Gambling Issues Raised Again in South Australia Elections

Published Monday, February 19, 2018 -
Gambling Issues Raised Again in South Australia Elections

Politics is again making changes in the online gambling industry in Australia as The Guardian reports that Australian senate powerbroker Nick Xenophon and his party have revealed plans to reduce South Australia’s number of poker machines.

Xenophon made his name in politics 20 years ago for his call for “No Pokies” and it has been reported that he has toned down his anti-gambling rhetoric after South Australia revised its gambling tax revenue forecast.  Xenophon told the Australian last month “Reducing the harm caused by poker machines is ­pretty fundamental, but it would have to be a suite of measures, including more people getting assistance and reducing the number of people getting hurt in the first place, but most people just don’t get help when they have a serious gambling problem,”

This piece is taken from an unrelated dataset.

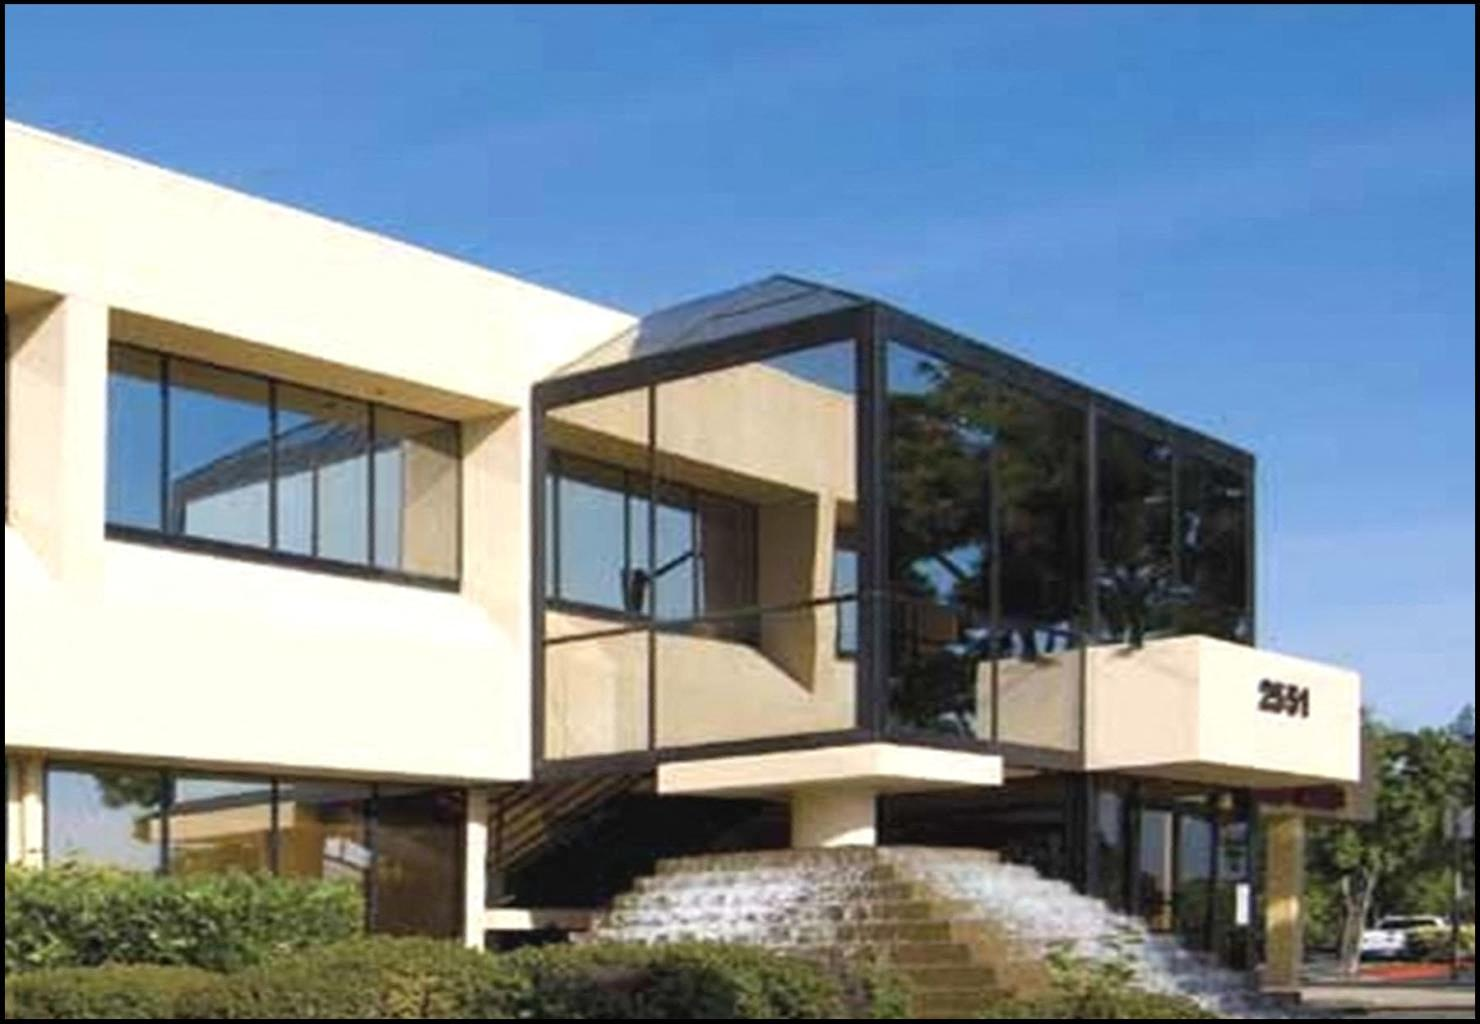 2551 San Ramon Valley Blvd, Suite 225

Xenophon’s SA Best Party has now introduced the latest gambling reform package, a policy described as “both a deal maker and a deal breaker.” Xenophon, believes that the reworked package is “sensible and practical.” “What we’ve said is that there’s flexibility within the way that you achieve it, but what we’re seeking to achieve is, I think, reasonable,” Xenophon said, according to the news outlet. “I suggest to you that if SA Best is in a position of power to hold the next government to account, then both Labor and the Liberals will become born again gambling reformers in a very short amount of time.”

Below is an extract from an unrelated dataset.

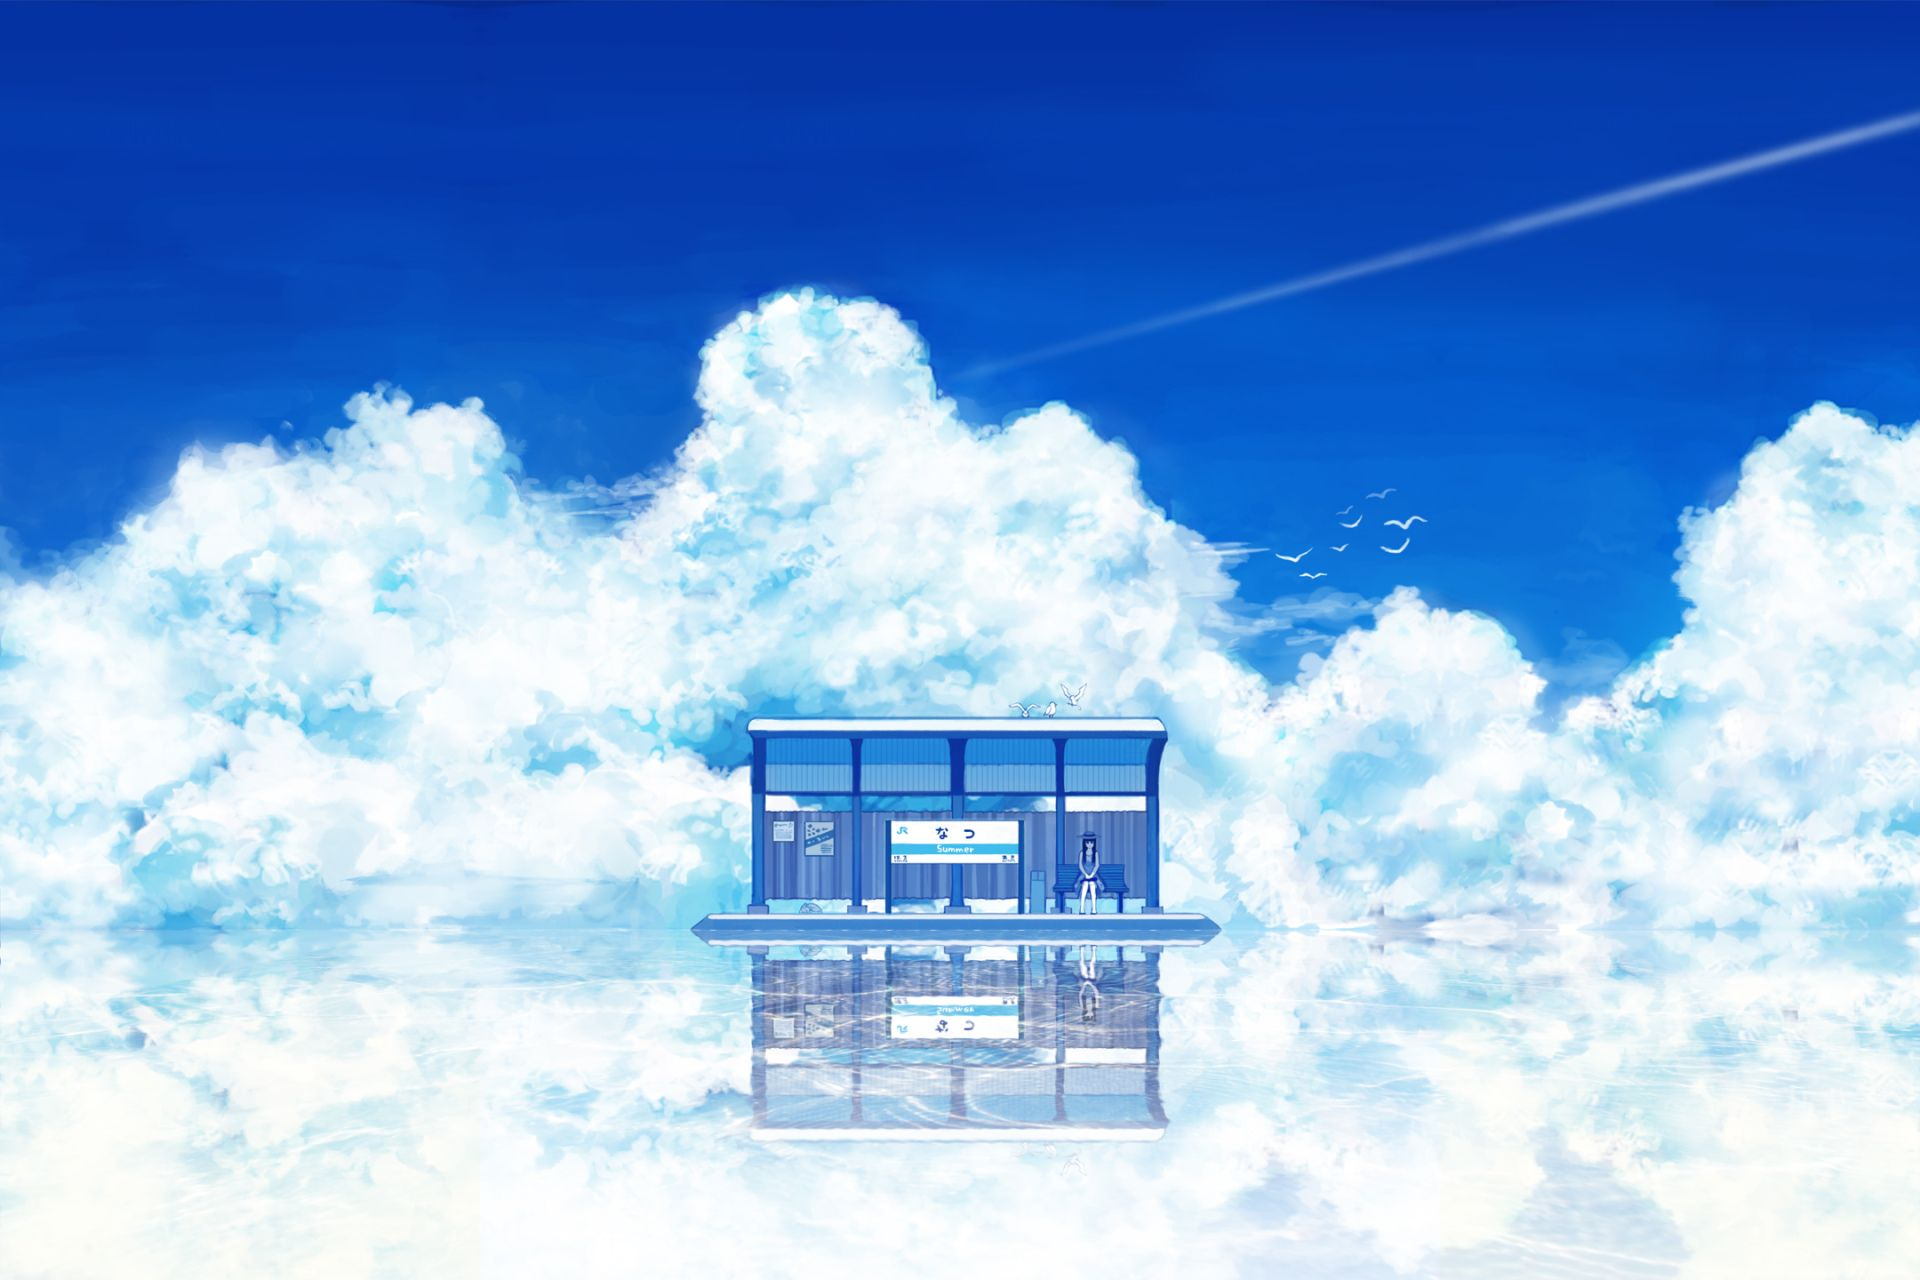 Anime Scenic Wallpaper Scenery Wallpaper Anime Scenery Anime Scenery Wallpaper

The proposed gambling reforms were looked at by the different sectors drawing mixed reactions. Liberal State opposition leader Steven Marshall described Xenophon’s latest stance on gambling as “the most astonishing back flip in the electoral history in South Australia,”

The Australian Hotels Association in South Australia warned that Xenophon’s SA Best’s pokie reduction package may result in the closure of some hotels across the region and may leave an estimated 26,000 people out of work.

The Liberal party leader remarked that he would turn down any SA Best offer to help form a government after the March 17th elections.